A man sought body-oriented orgone therapy complaining of severe migraine and tension headaches. The migraines were so severe that he had to go to bed for several days in a darkened room until they passed. He also suffered a headache whenever he rode in the car as a passenger and turned his head to speak to his wife, who was driving. After several therapy sessions it became clear that he would get the migraines when he was upset with someone and could not speak his mind. He had great difficulty accepting that he was angry with someone, and confessed to fantasies of physically hitting and hurting the person he was angry with, which frightened him. His head was frequently hot when touched, and his hands and feet were very cold. His energy was blocked in his head, and was withdrawn from the periphery of his body; he had great difficulty expressing himself emotionally. The psychotherapist also noticed that he had difficulty rotating his head, and recommended that he seek a musculoskeletal assessment and possible treatment from a massage therapist for the headache problem, while undergoing orgone therapy.

The assessment revealed the man had suffered migraines for 10 years. He had been in a car accident two years prior, in which he sustained a whiplash injury. It was after this accident that the tension headaches began. Whenever he rotated his neck to the left to talk to his wife while she drove, he would get the occipital headaches. It was clear that he had severely injured ligaments in the neck and microtears in the occipital muscles at the base of the skull. His energy and circulation were blocked in the head, arms and legs.

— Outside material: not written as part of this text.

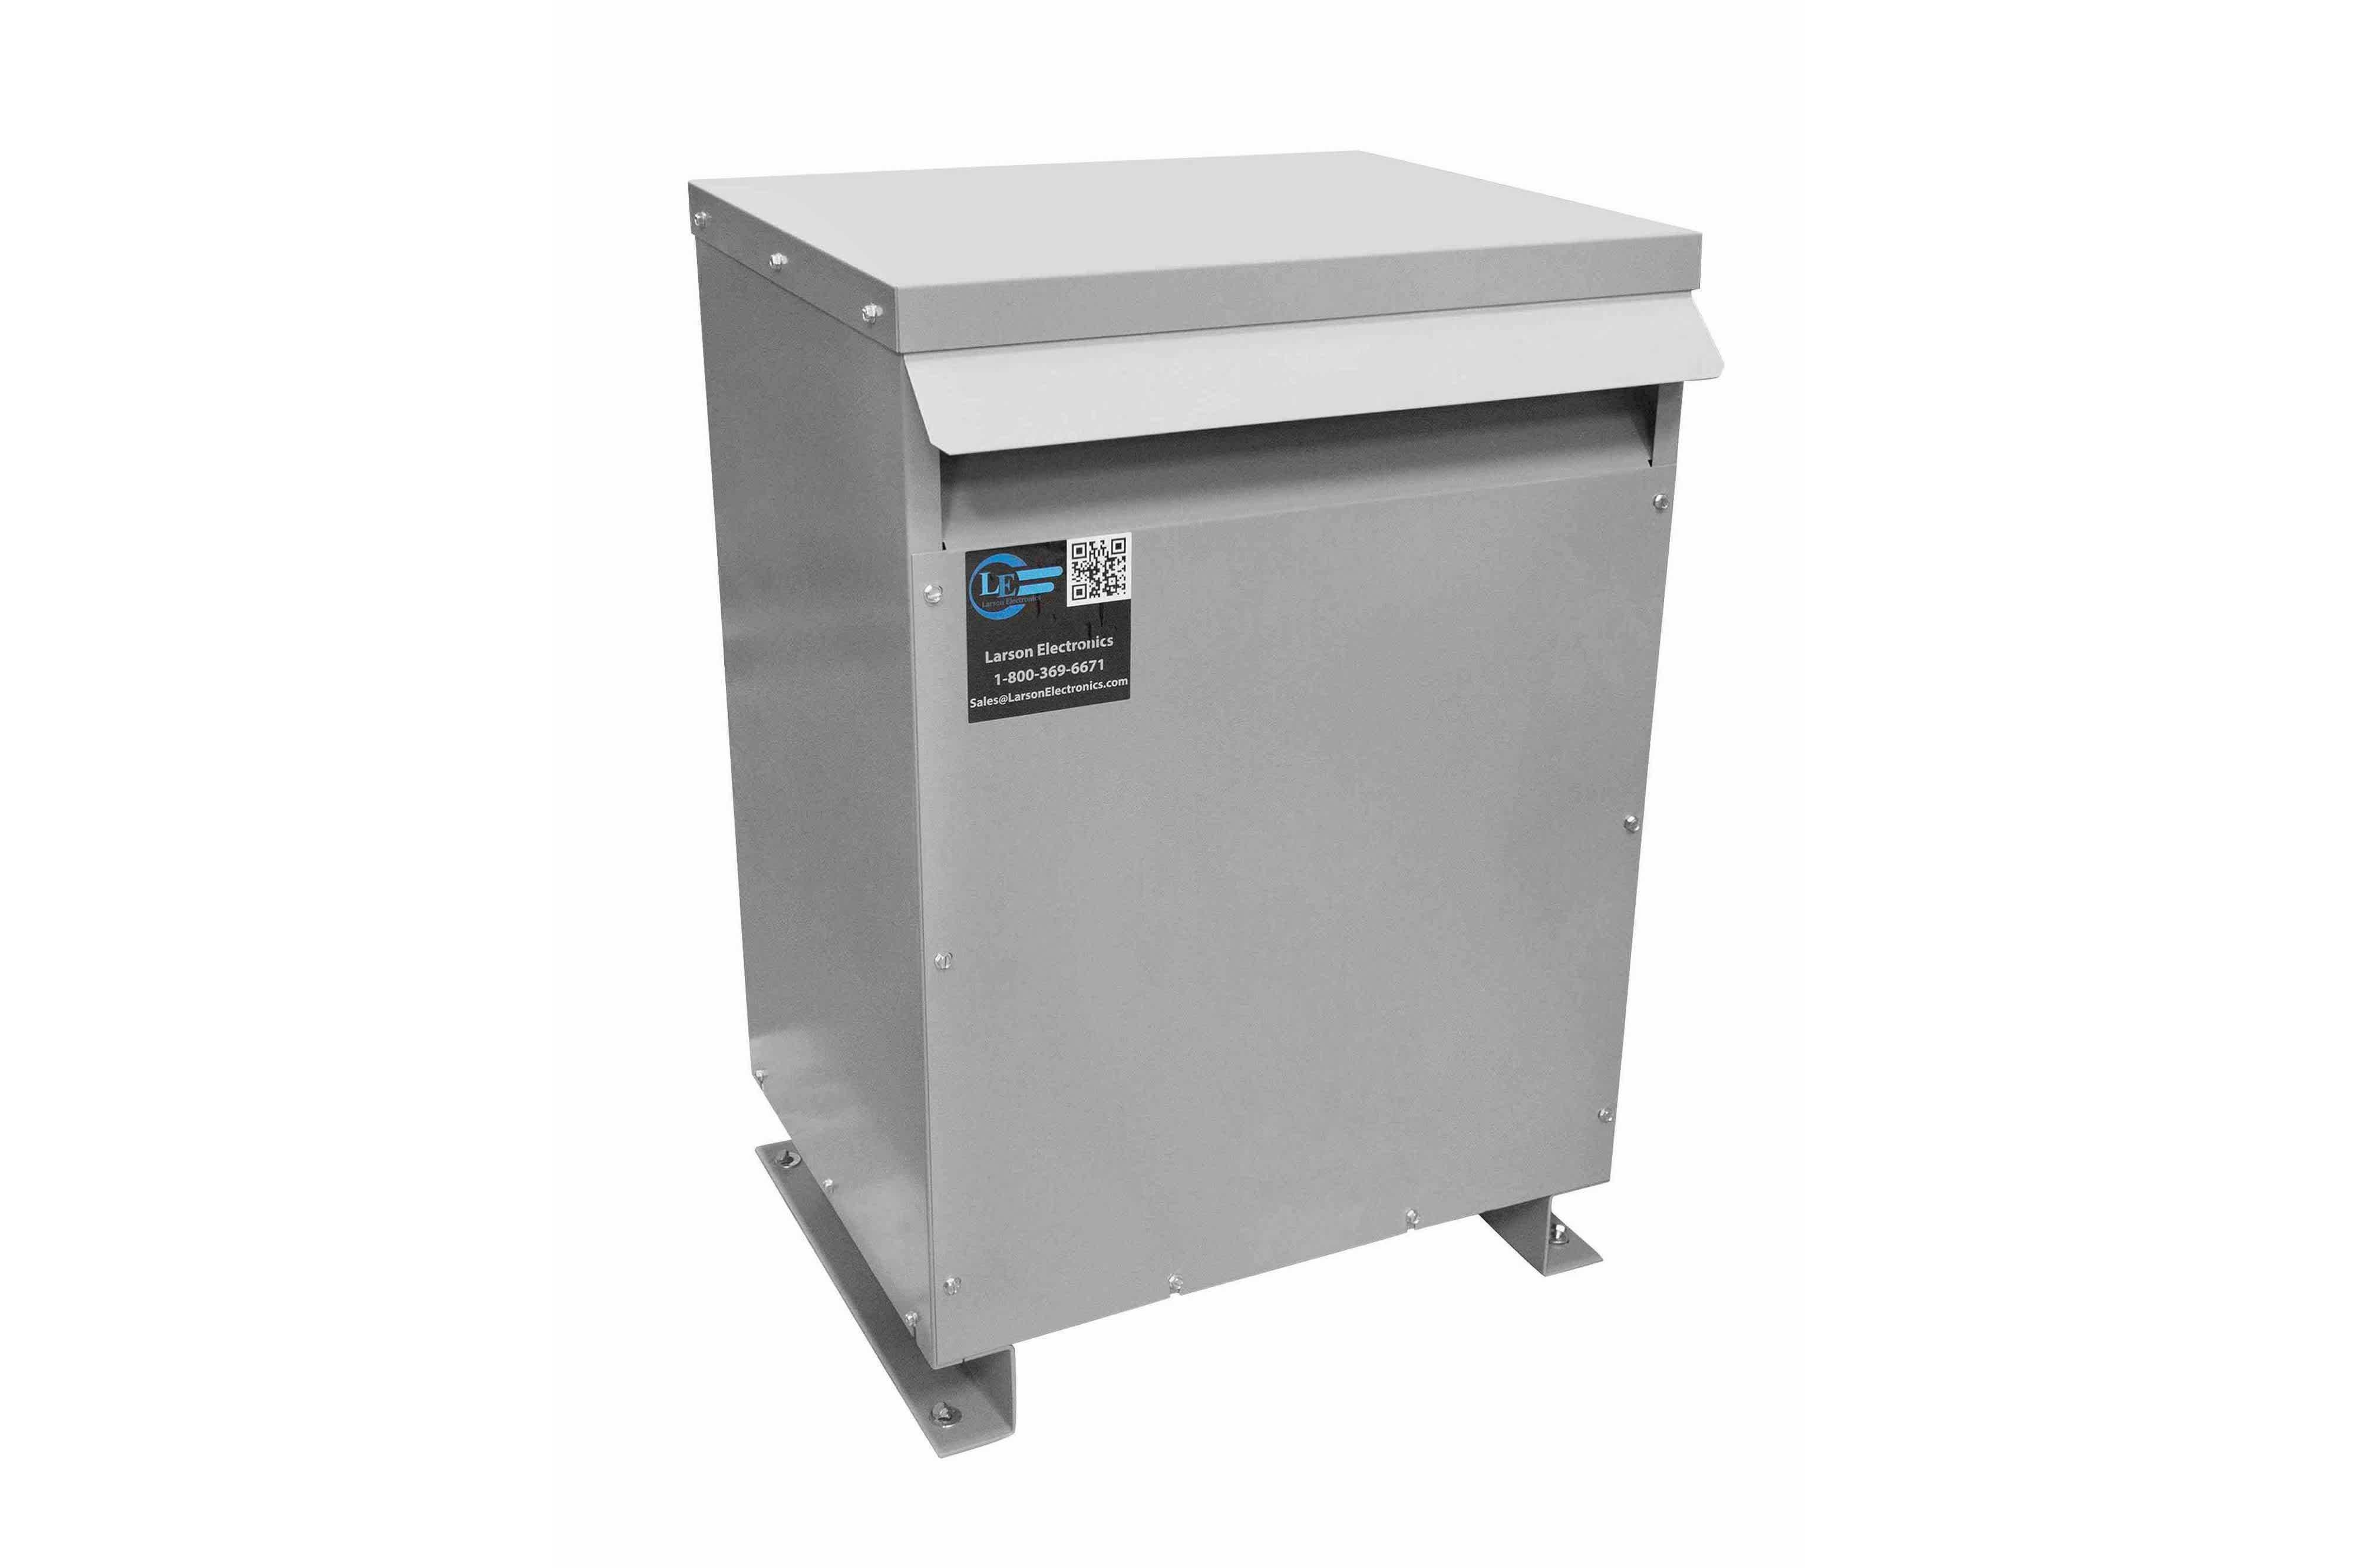 18 kVA 3PH Isolation Transformer, 460V Wye Primary, 380V Delta Secondary, N3R, Ventilated, 60 Hz
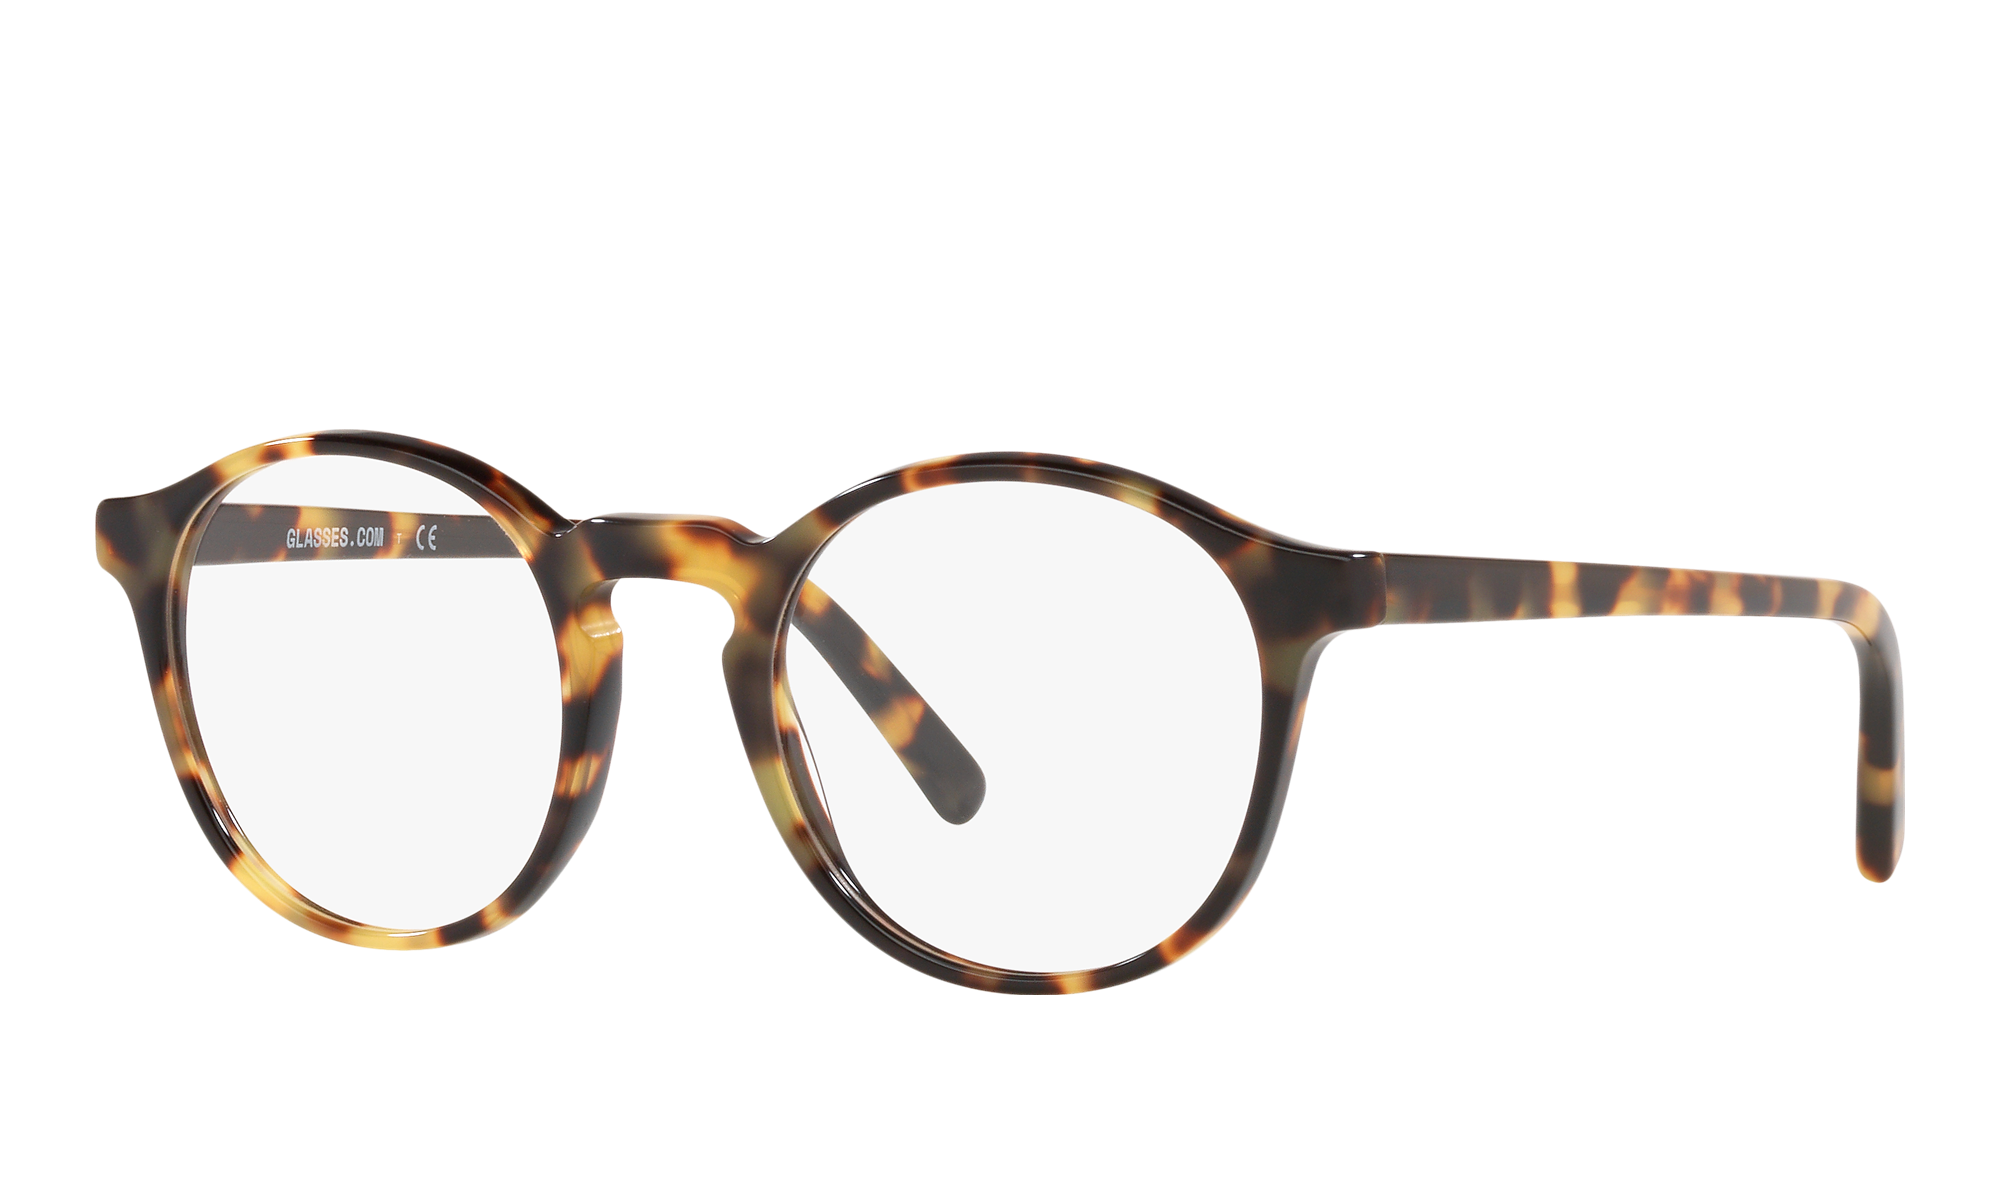 Retro Sunglasses | Vintage Glasses | New Vintage Eyeglasses GLASSES.COM Unisex Gl006 Round And Round Tortoise Size Standard $55.00 AT vintagedancer.com

Working together, the doctor and the muscular therapist treated the man weekly for several months. The body-oriented psychotherapy helped the man express his feelings of anger and sadness at how immobilized and powerless he felt, while the muscular therapist freed up the scar tissue in the neck and at the occiput. The headache, which was caused by injuries to the neck and occipital muscles, and referred pain to the entire back of the head, abated after the muscular therapist broke up the scar tissue. The migraines - the result of a great deal of suppressed rage and sadness in this particular case - improved as the man grew more able to express his feelings more fully and appropriately.

Our psyche and soma are like the front and back of the hand - one does not exist without the other. Seeing the whole person in the context of his or her life, and treating the emotions and psychological blocks along with physical pain or injury is often the most intelligent and effective way to approach the healing process.